▶ **Task prompt**:
Having located "Cute African animals", write out its line and the remaining lines of the material exactly, the last one included, but not the pictures.

▶ **Records provided**:
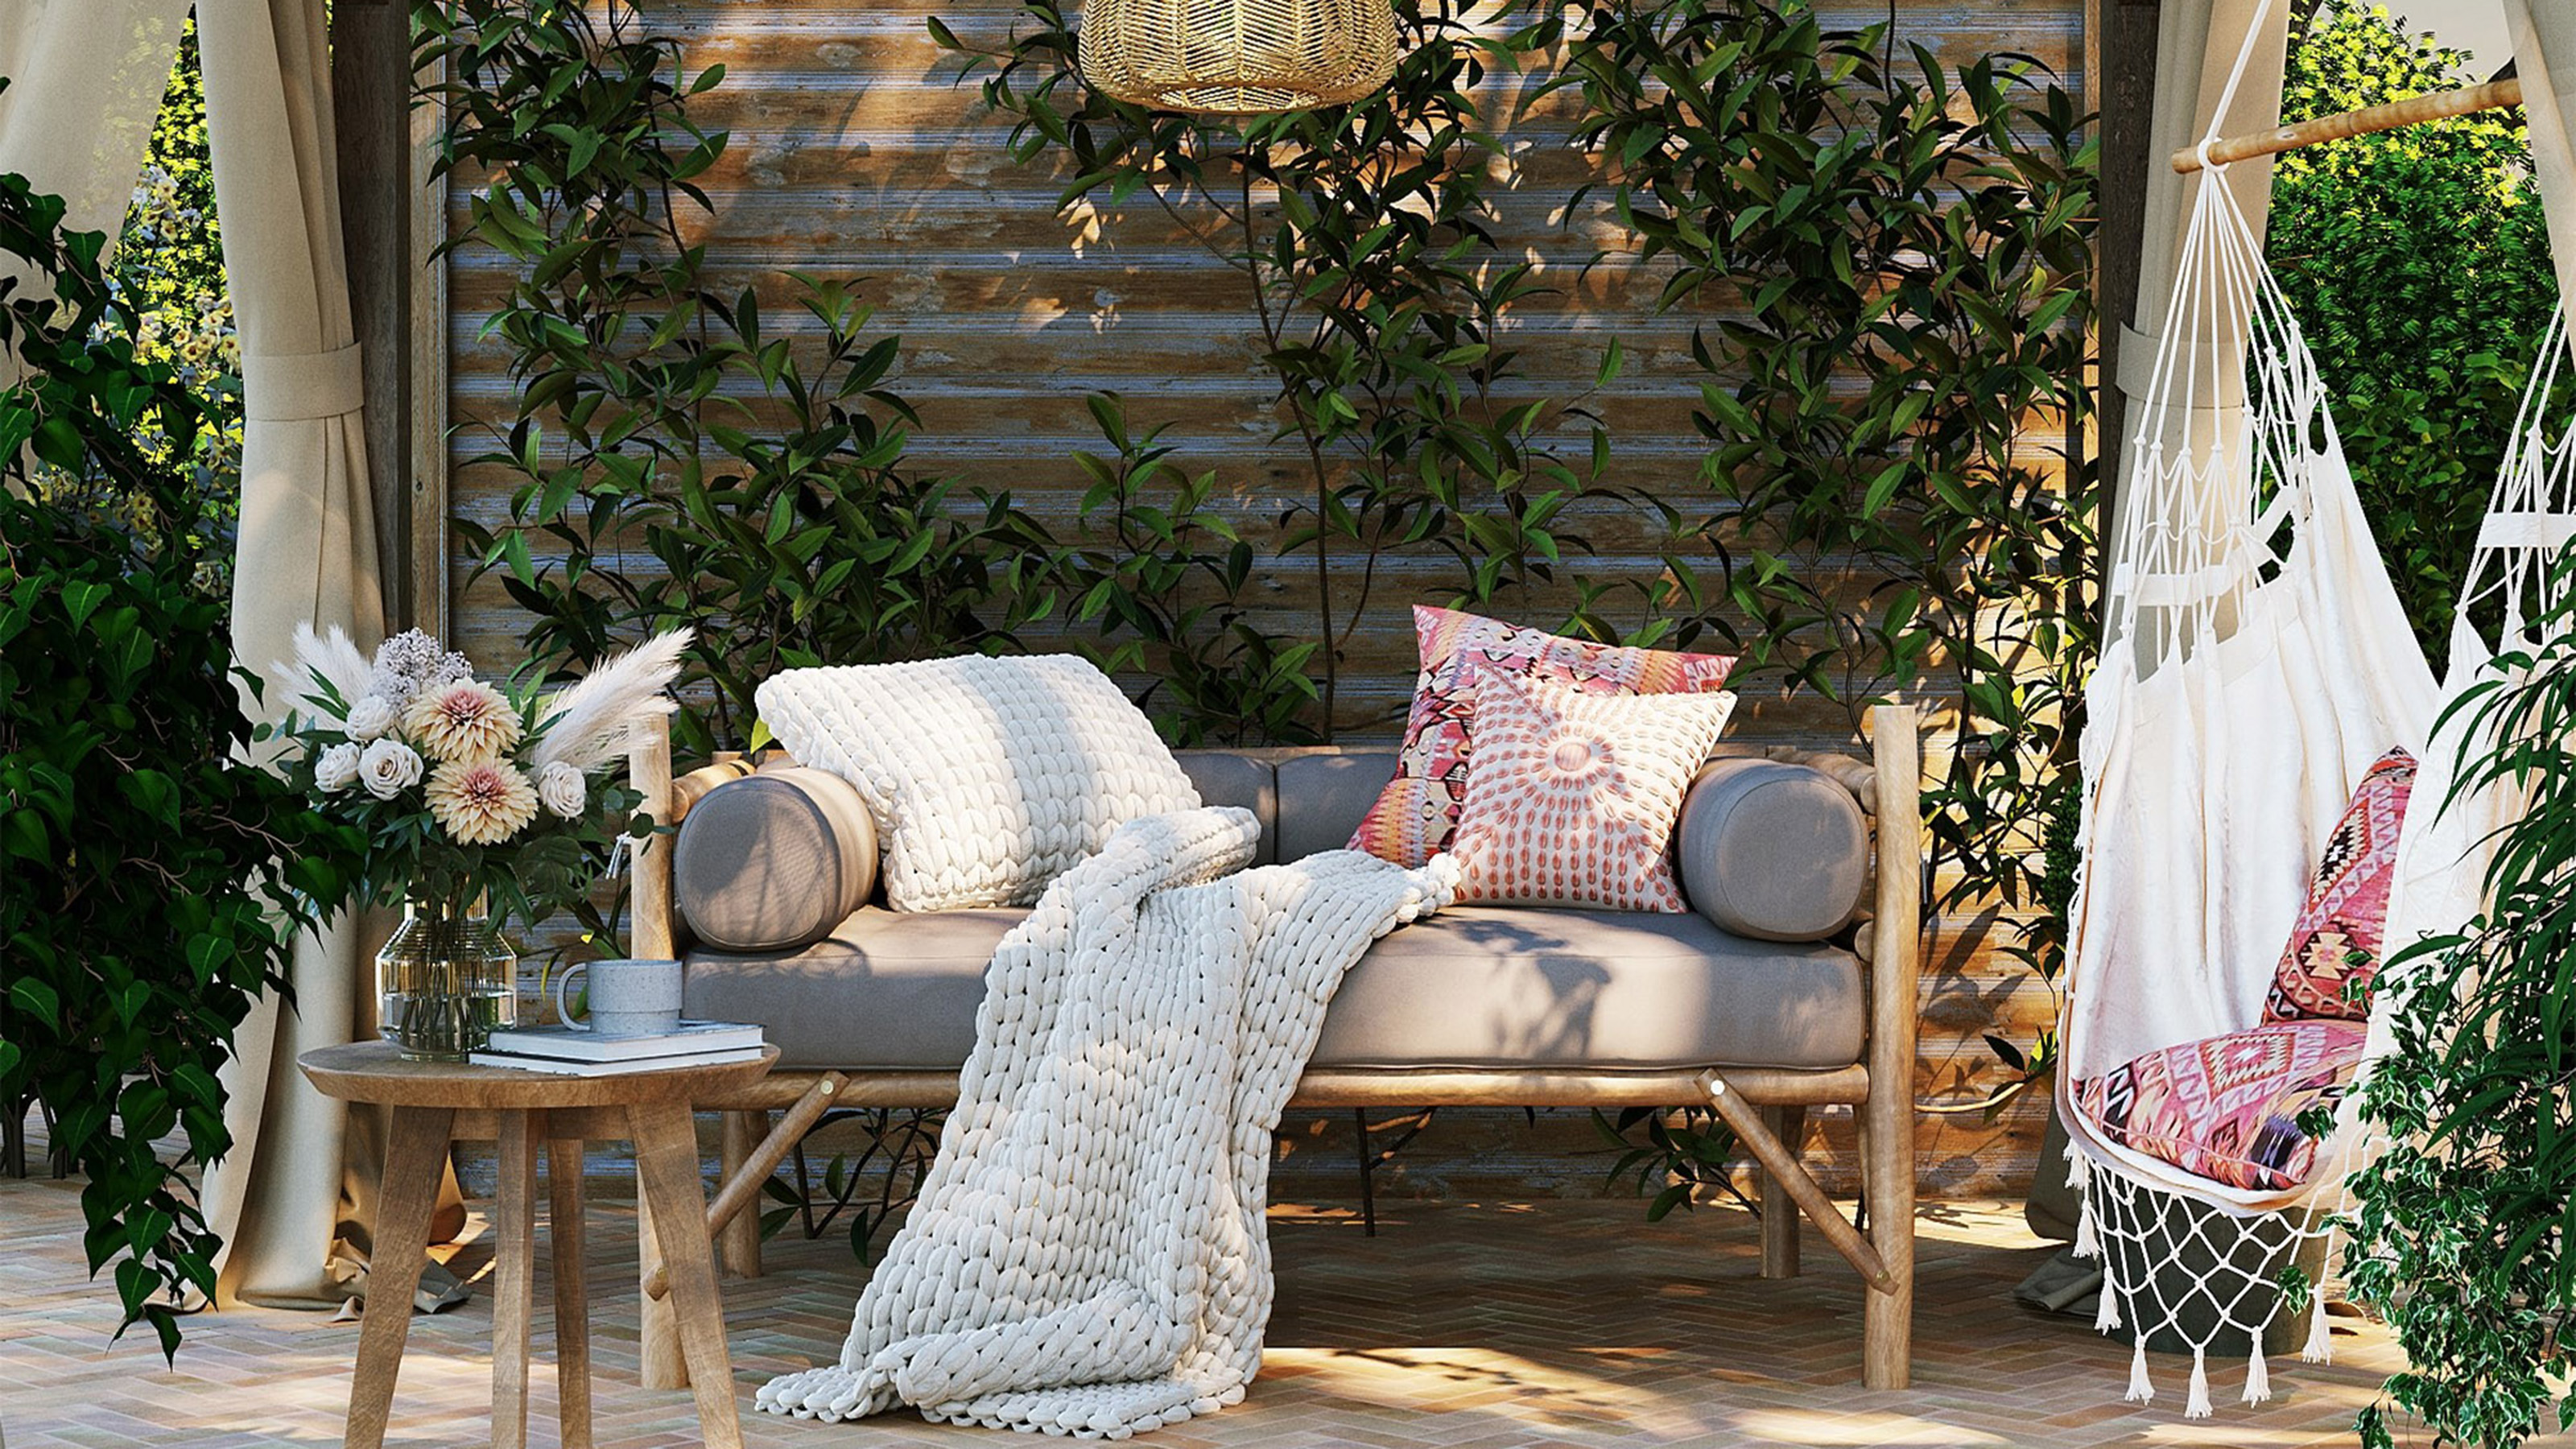 Best Patio Decorating Tips From Design Experts
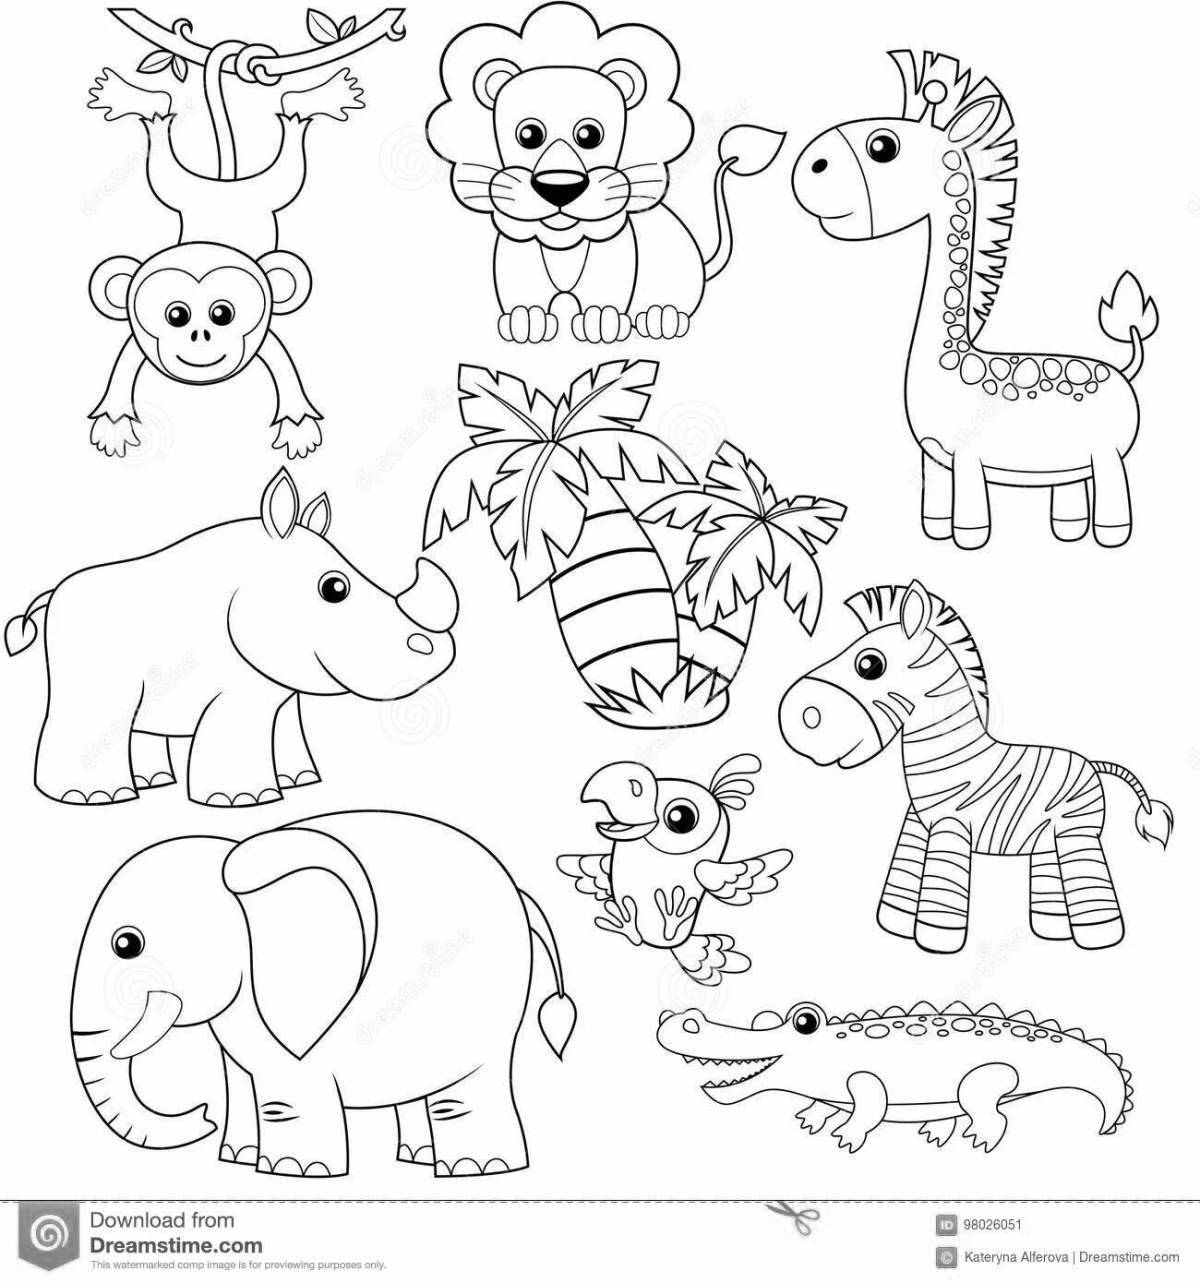 Cute African animals coloring book for 3-4 year olds
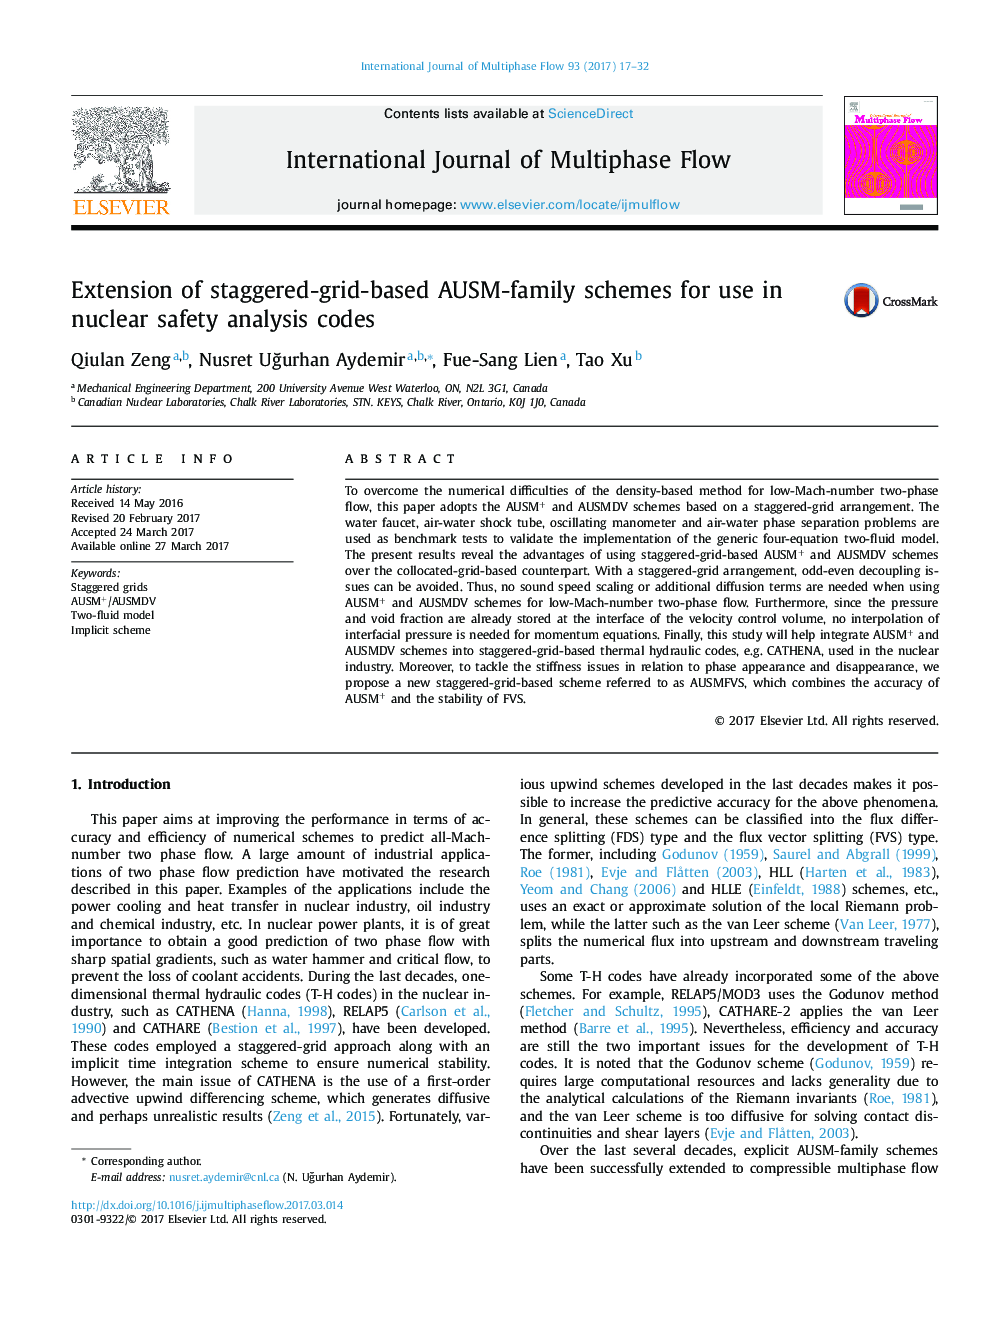 Extension of staggered-grid-based AUSM-family schemes for use in nuclear safety analysis codes
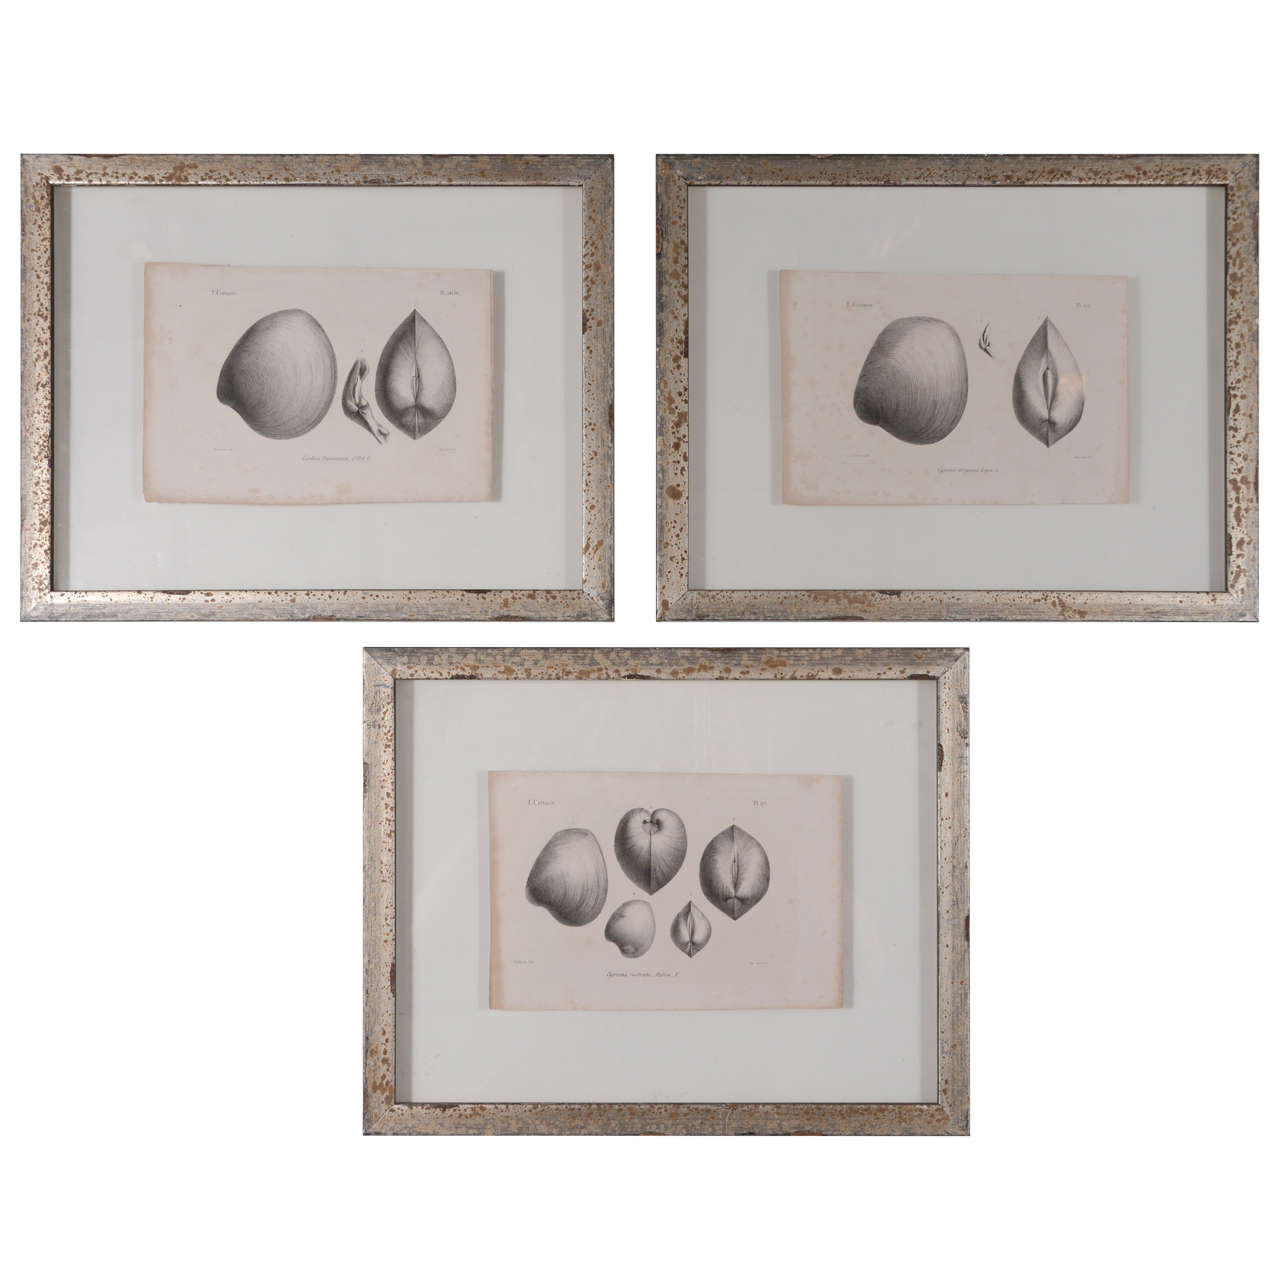 Set of 3 19th Century Black and White Seashell Engravings For Sale
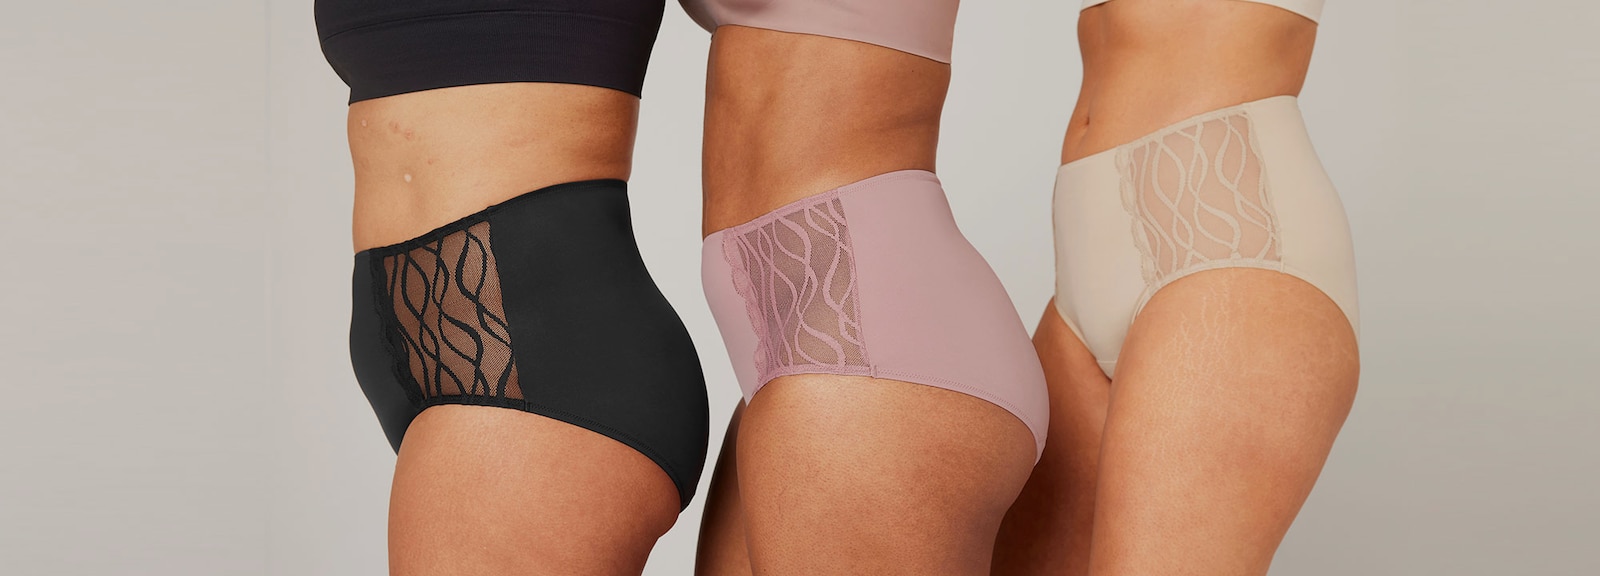 TENA-Range-colors-washable-incontinence-underwear-banner-overlay.png

▶ **Output**:
 Cute African animals coloring book for 3-4 year olds
 Extension of staggered-grid-based AUSM-family schemes for use in nuclear safety analysis codes
 Set of 3 19th Century Black and White Seashell Engravings For Sale
 TENA-Range-colors-washable-incontinence-underwear-banner-overlay.png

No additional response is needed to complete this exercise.